U.S. Congress begins its repeal of Obamacare

January 14, 2017 • 1:45 pm

I can’t tell you how much dread I feel knowing that, one week from today, Donald Trump will begin his first full day as President of the United States. “President Trump”! Would any of us have not laughed at that possibility a year ago?

Well, the nightmare is about to begin. We’re going to get a young and extremely conservative Supreme Court justice to replace Scalia, ensuring a right-wing Court for years to come, and both houses of Congress are majority Republican, which all but ensures that Trump will get his agenda passed. And we have a mentally unstable president driven solely by his ego and hatred of criticism.
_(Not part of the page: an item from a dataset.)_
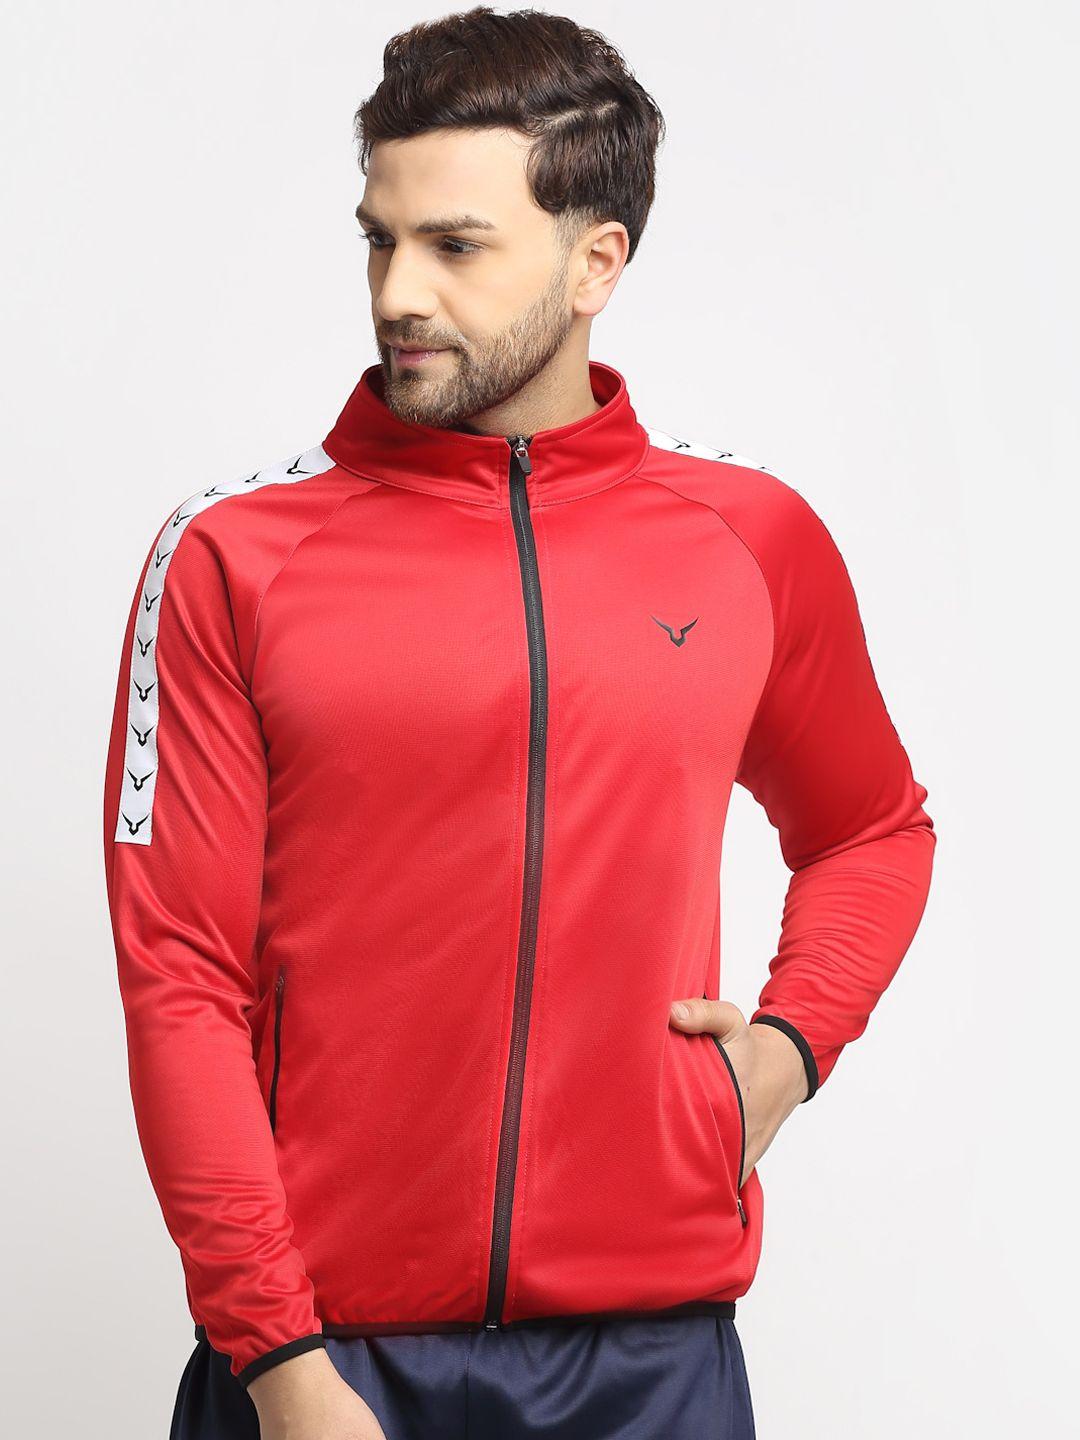 invincible men red lightweight rapid dry training or gym sporty jacket

Now the Republicans, as promised, are beginning their repeal of “Obamacare.” Yesterday, according to The Atlantic and many other venues, the House of Representatives voted by 227-198, largely along Party lines (a few brave Republicans voted with the Democrats), to begin its repeal of the healthcare law. (The Senate voted the same way earlier in the week.) The first step was a measure called “budget reconciliation”:

What Congress approved this week was a necessary procedural step giving Republicans the power to repeal the tax and spending provisions of Obamacare, and the party demonstrated the ability to overcome some internal resistance to moving so quickly to dismantle the system enacted by President Obama and congressional Democrats.

The next step is to actually repeal Obamacare, which requires strong Republican support, and that won’t be as easy given the consequences if that law isn’t replaced by another that gives poor people some kind of healthcare. After all, over 20 million people have benefited from Obamacare, and, as House minority leader Nancy Pelosi admitted yesterday, the Democrats were far poorer at advertising their successes than at getting the bill passed in the first place.  If Republicans are simply going to take away healthcare from 20 million citizens without a replacement, they’re going to look mighty bad.

So what will their healthcare plan look like? I have no idea, but can’t imagine that it will be better than Obamacare, flawed as it was. And, although I consider myself reasonably informed on American politics—but not nearly informed as many readers here—I can’t for the life of me see any reasons why the Republicans are dismantling Obamacare save two:

1). They want to elminate an important part of Obama’s legacy, and do it as fast as possible.

2). They don’t like poor people and don’t particularly care if they have reasonably-priced access to healthcare. Their palaver about the costs of Obamacare is simply a smokescreen for their anti-poor agenda.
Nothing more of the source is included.